> **INFORMATION PROVIDED**

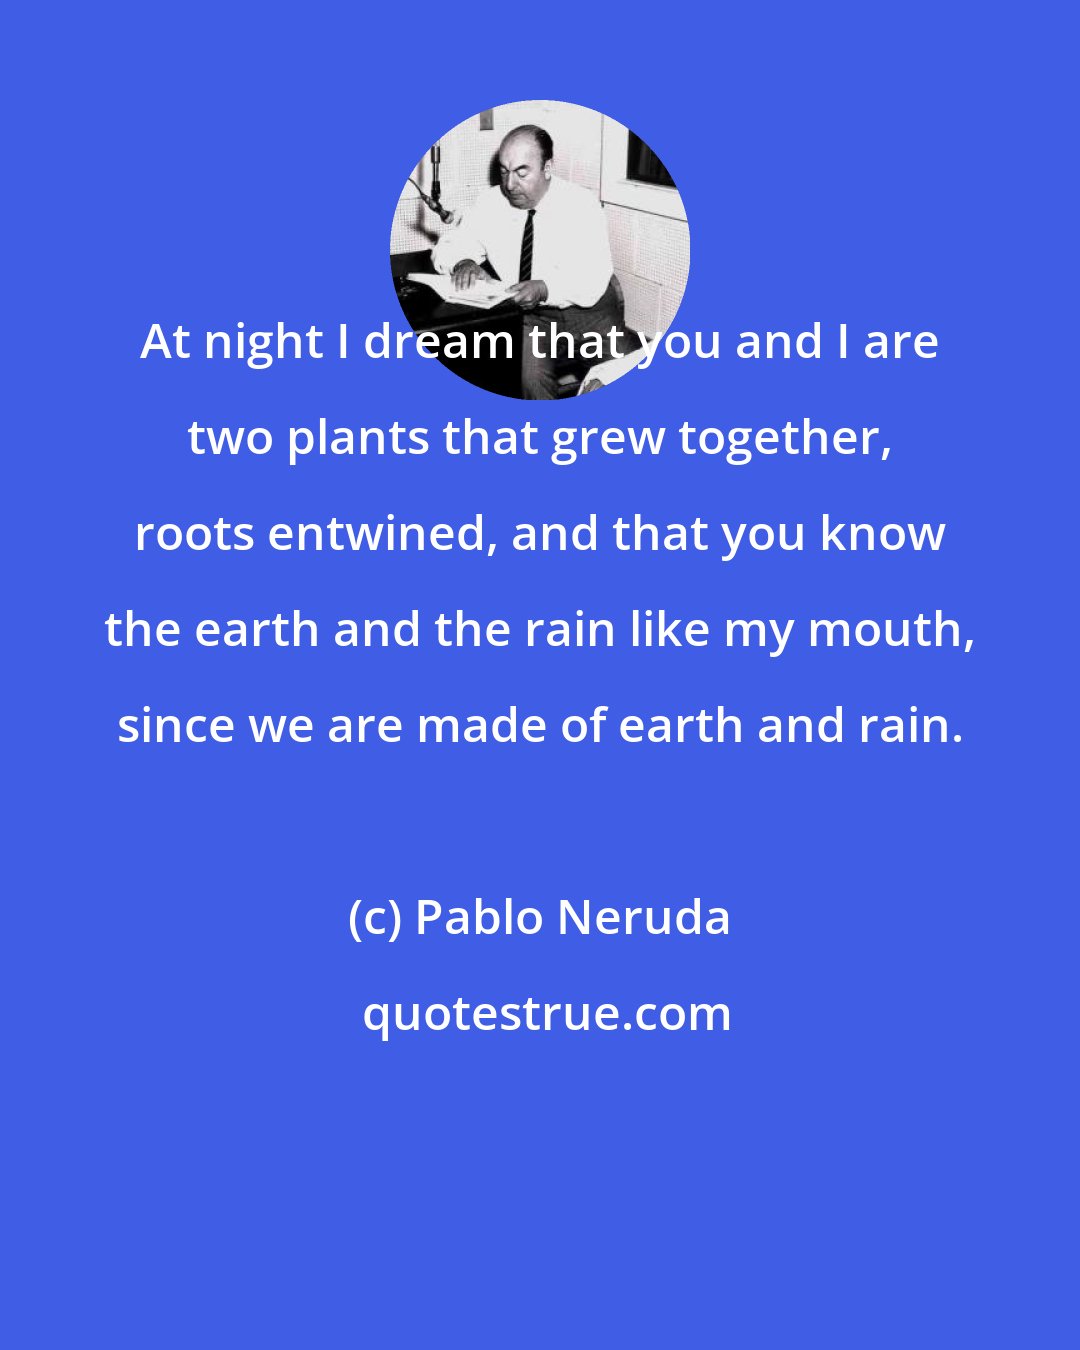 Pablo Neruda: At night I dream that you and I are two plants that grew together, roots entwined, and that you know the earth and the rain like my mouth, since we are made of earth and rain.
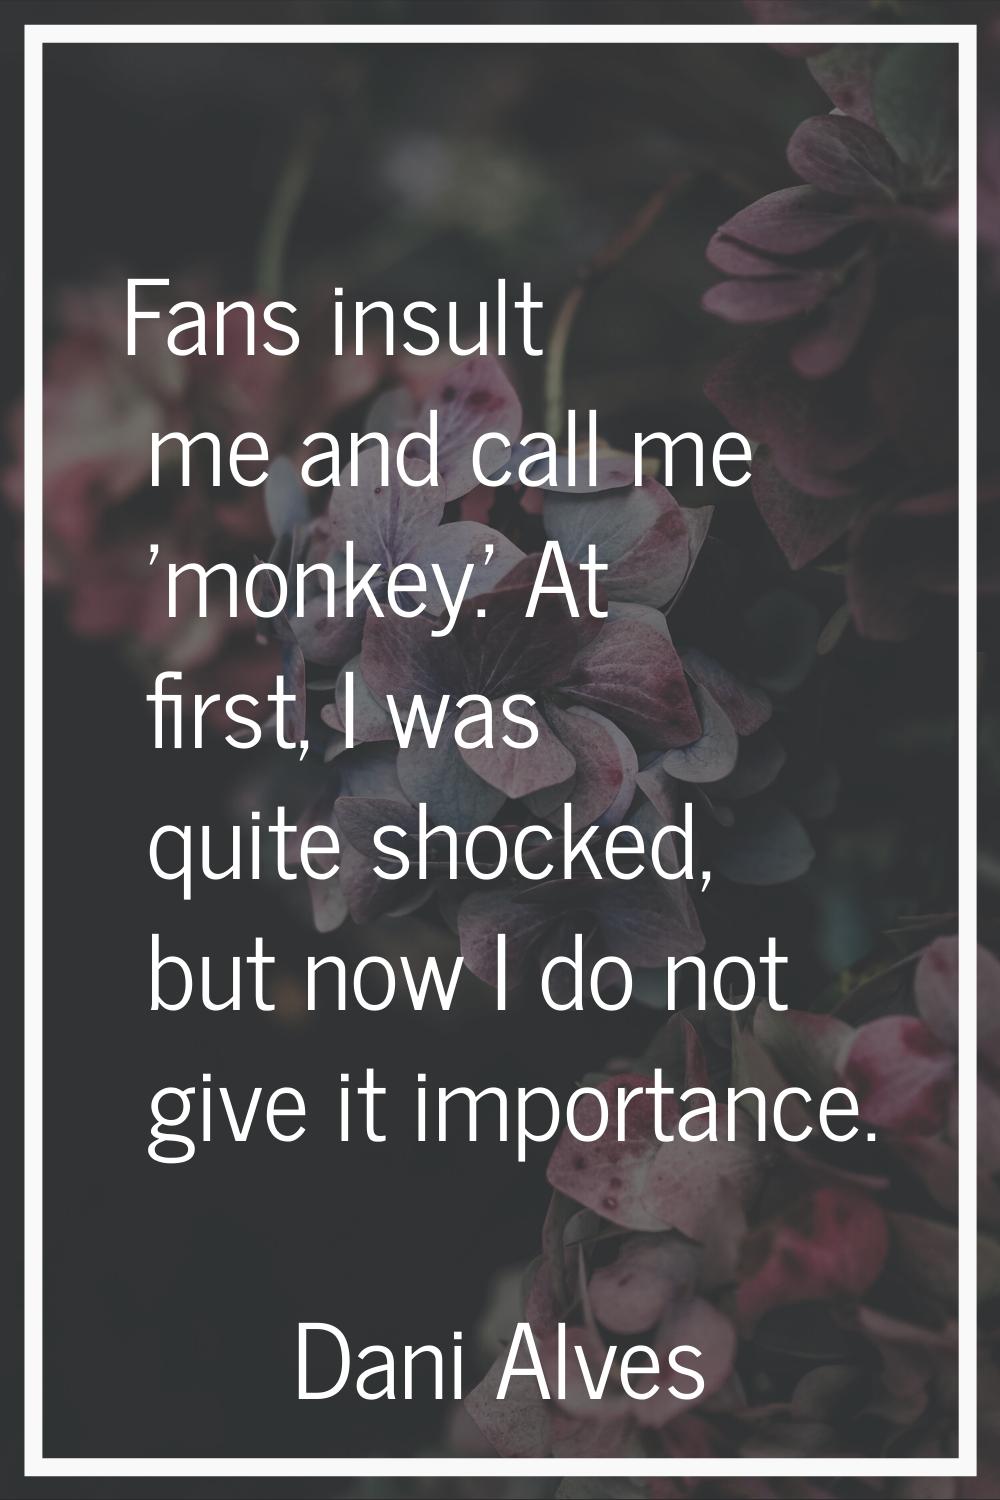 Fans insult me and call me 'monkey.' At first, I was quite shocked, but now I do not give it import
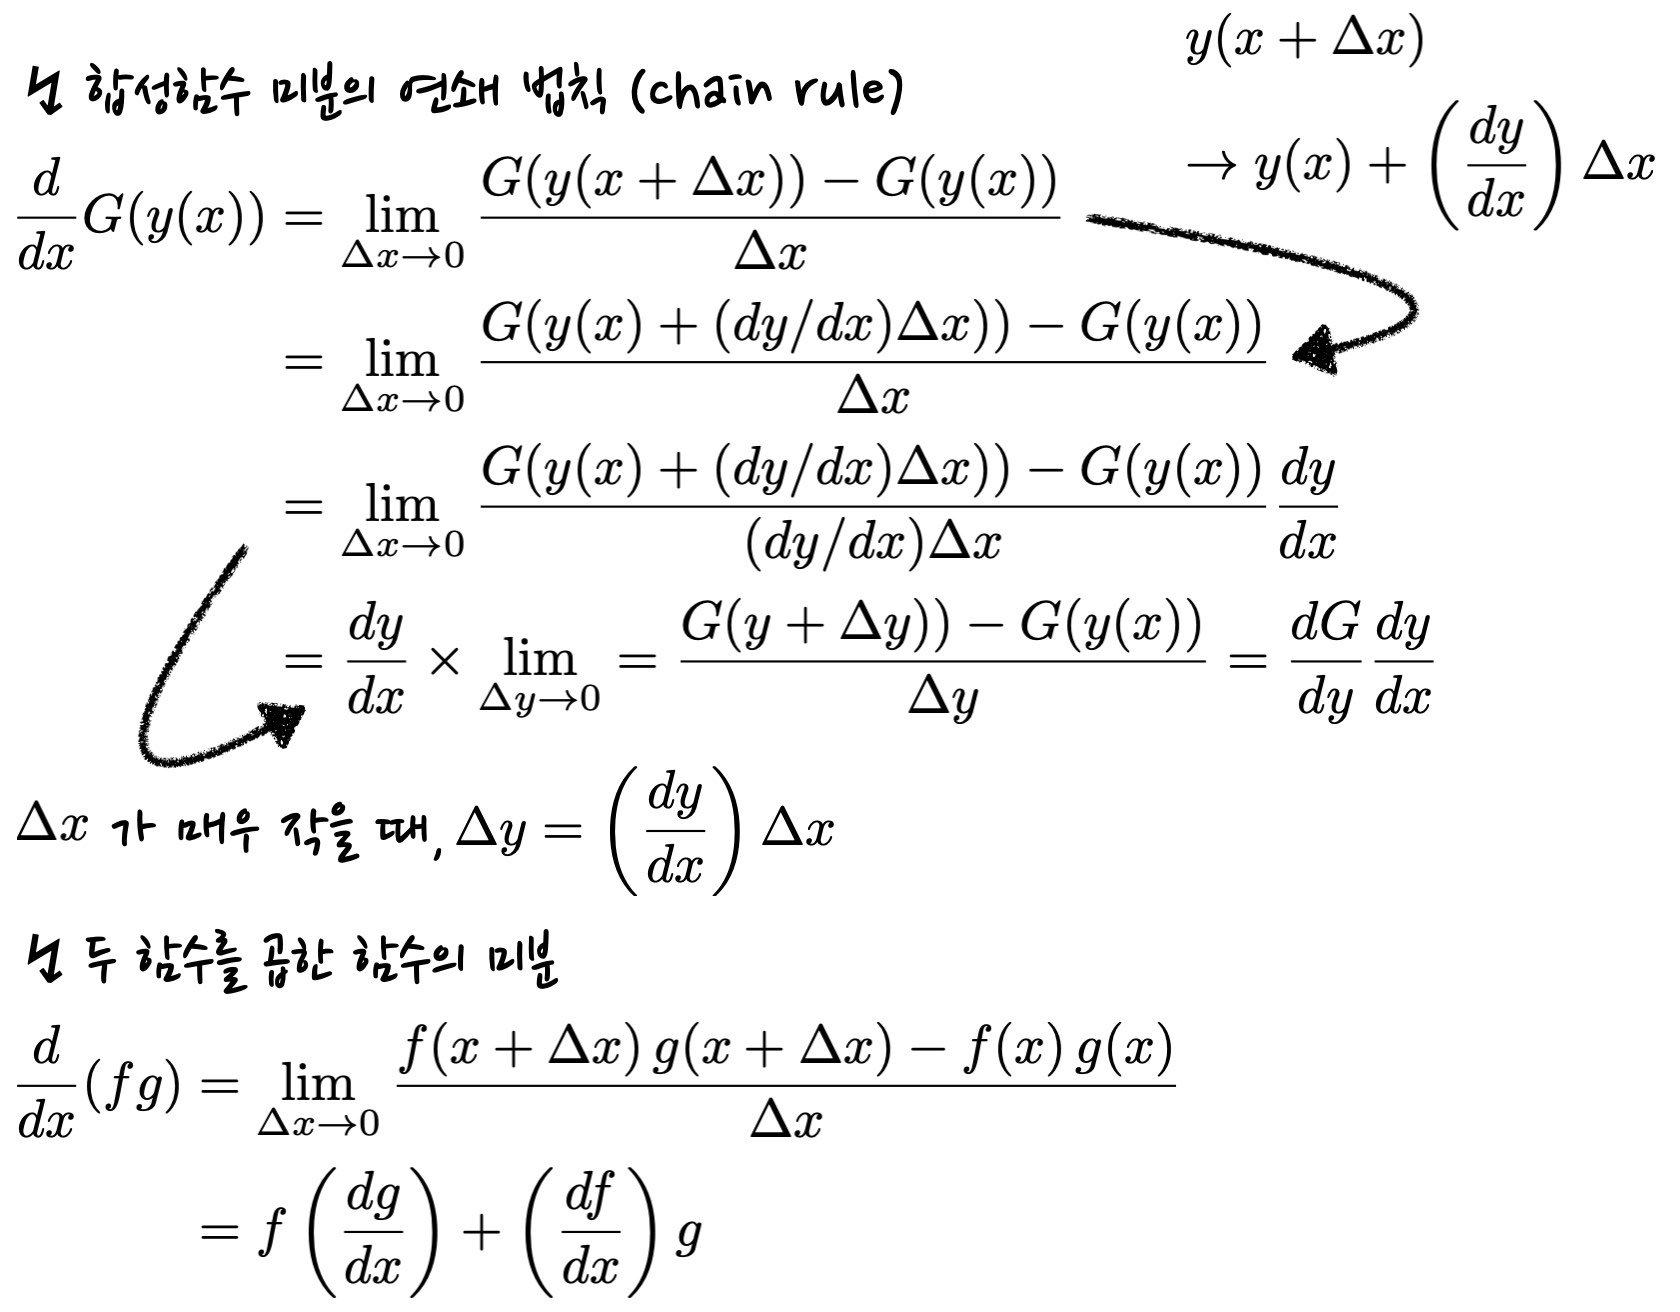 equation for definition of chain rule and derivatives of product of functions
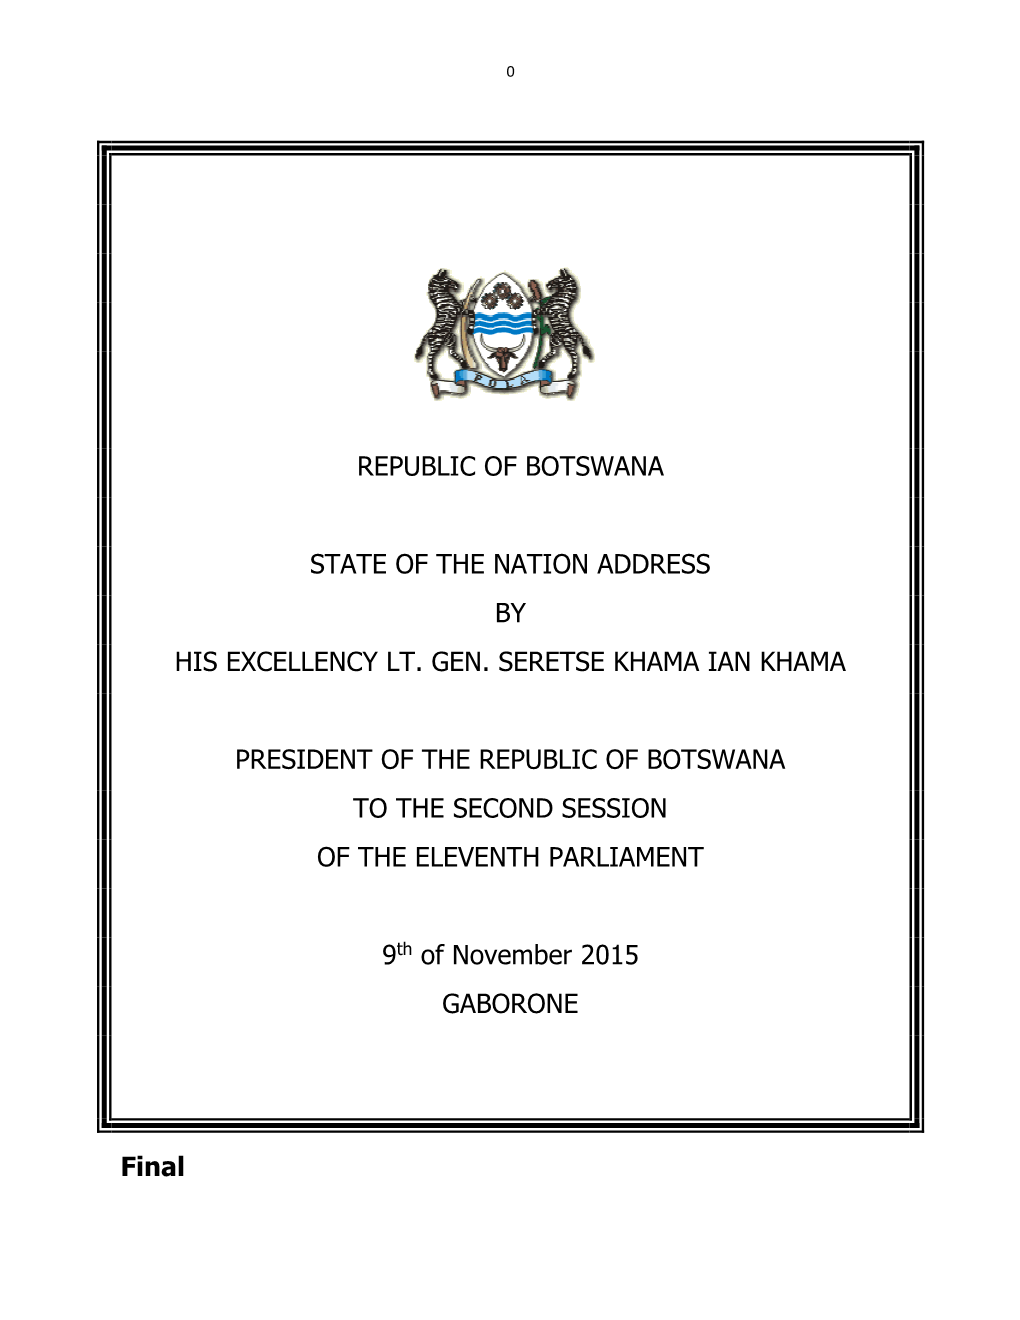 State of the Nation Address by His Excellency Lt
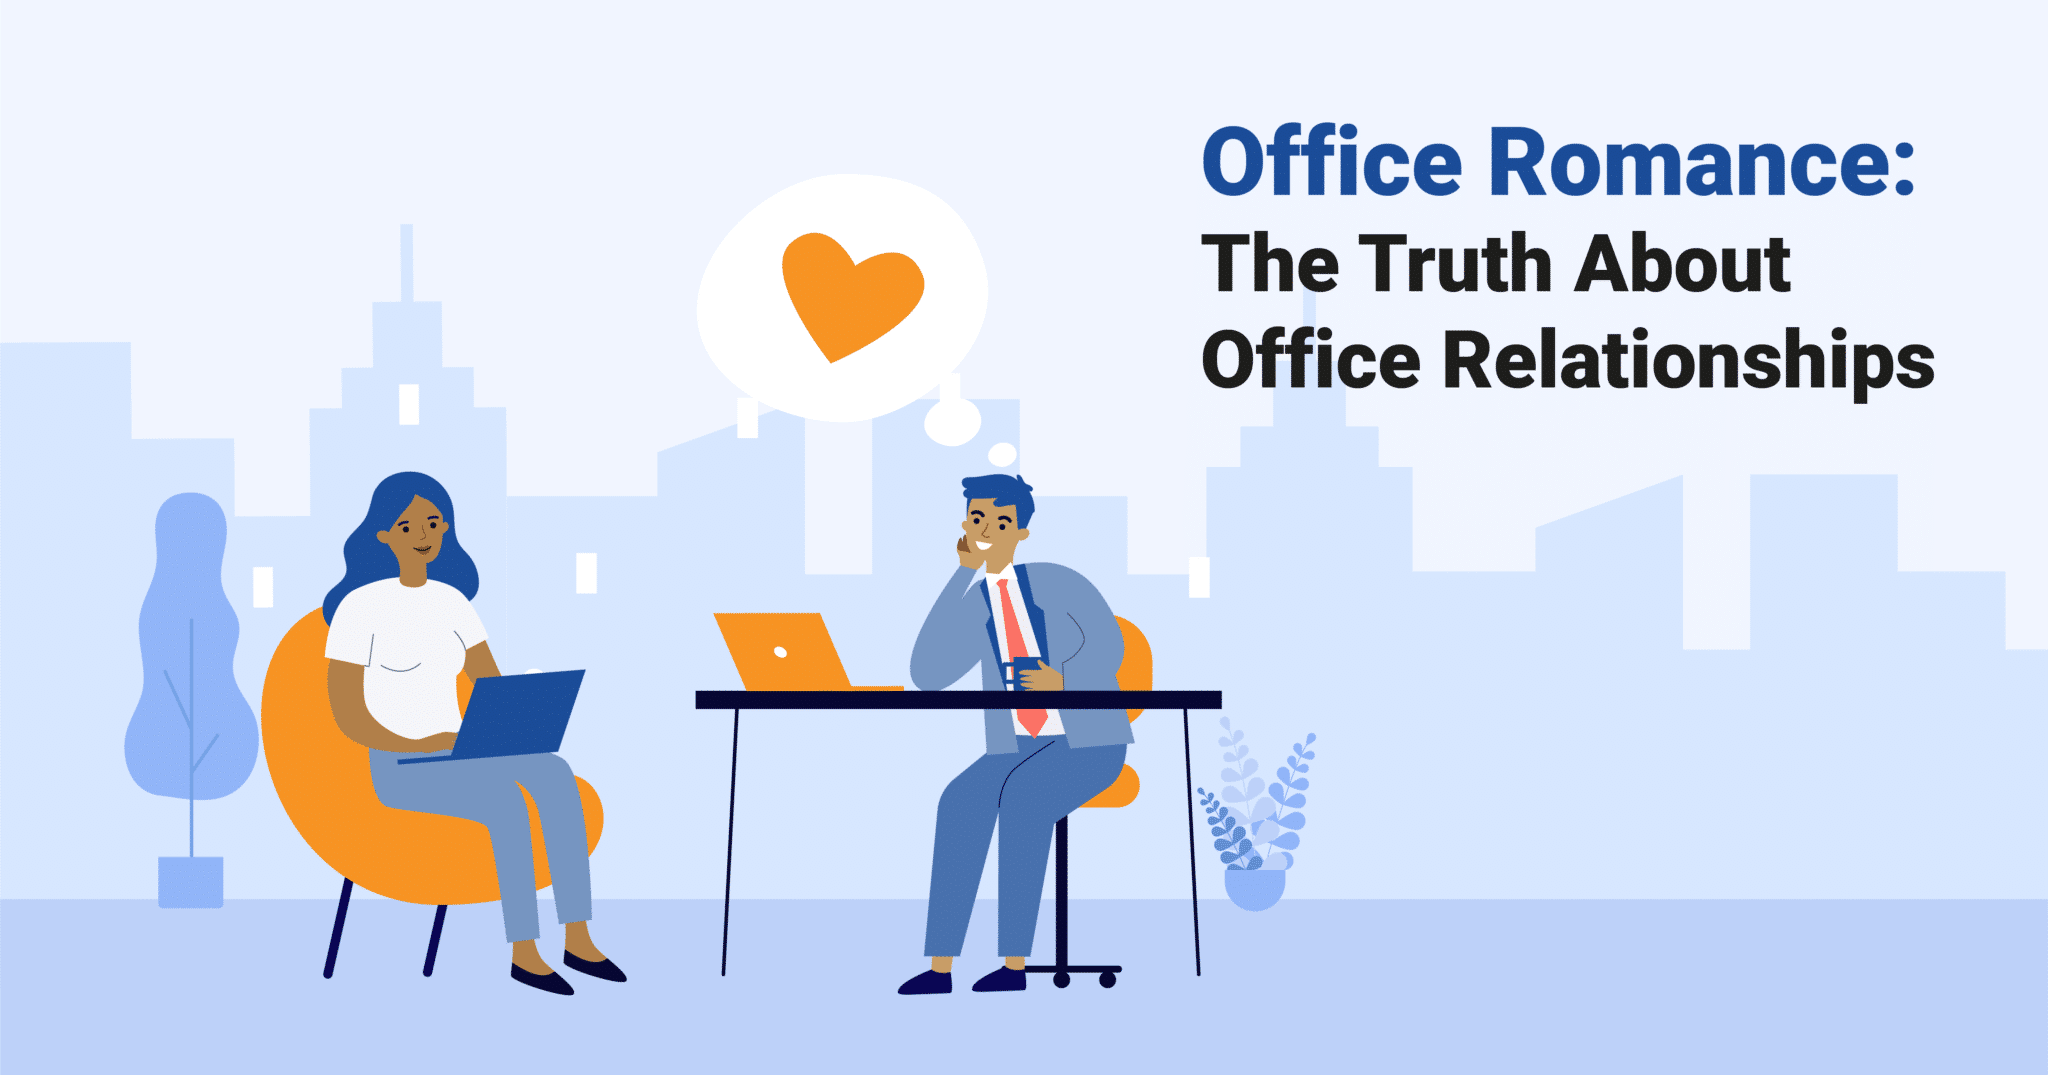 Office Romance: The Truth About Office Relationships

> **WHAT NEEDS TO BE DONE**
All of the data above needs to be retyped exactly, with the pictures removed.

> **FINISHED EXERCISE**
 Pablo Neruda: At night I dream that you and I are two plants that grew together, roots entwined, and that you know the earth and the rain like my mouth, since we are made of earth and rain.
 Fans insult me and call me 'monkey.' At first, I was quite shocked, but now I do not give it import
 equation for definition of chain rule and derivatives of product of functions
 State of the Nation Address by His Excellency Lt
 Office Romance: The Truth About Office Relationships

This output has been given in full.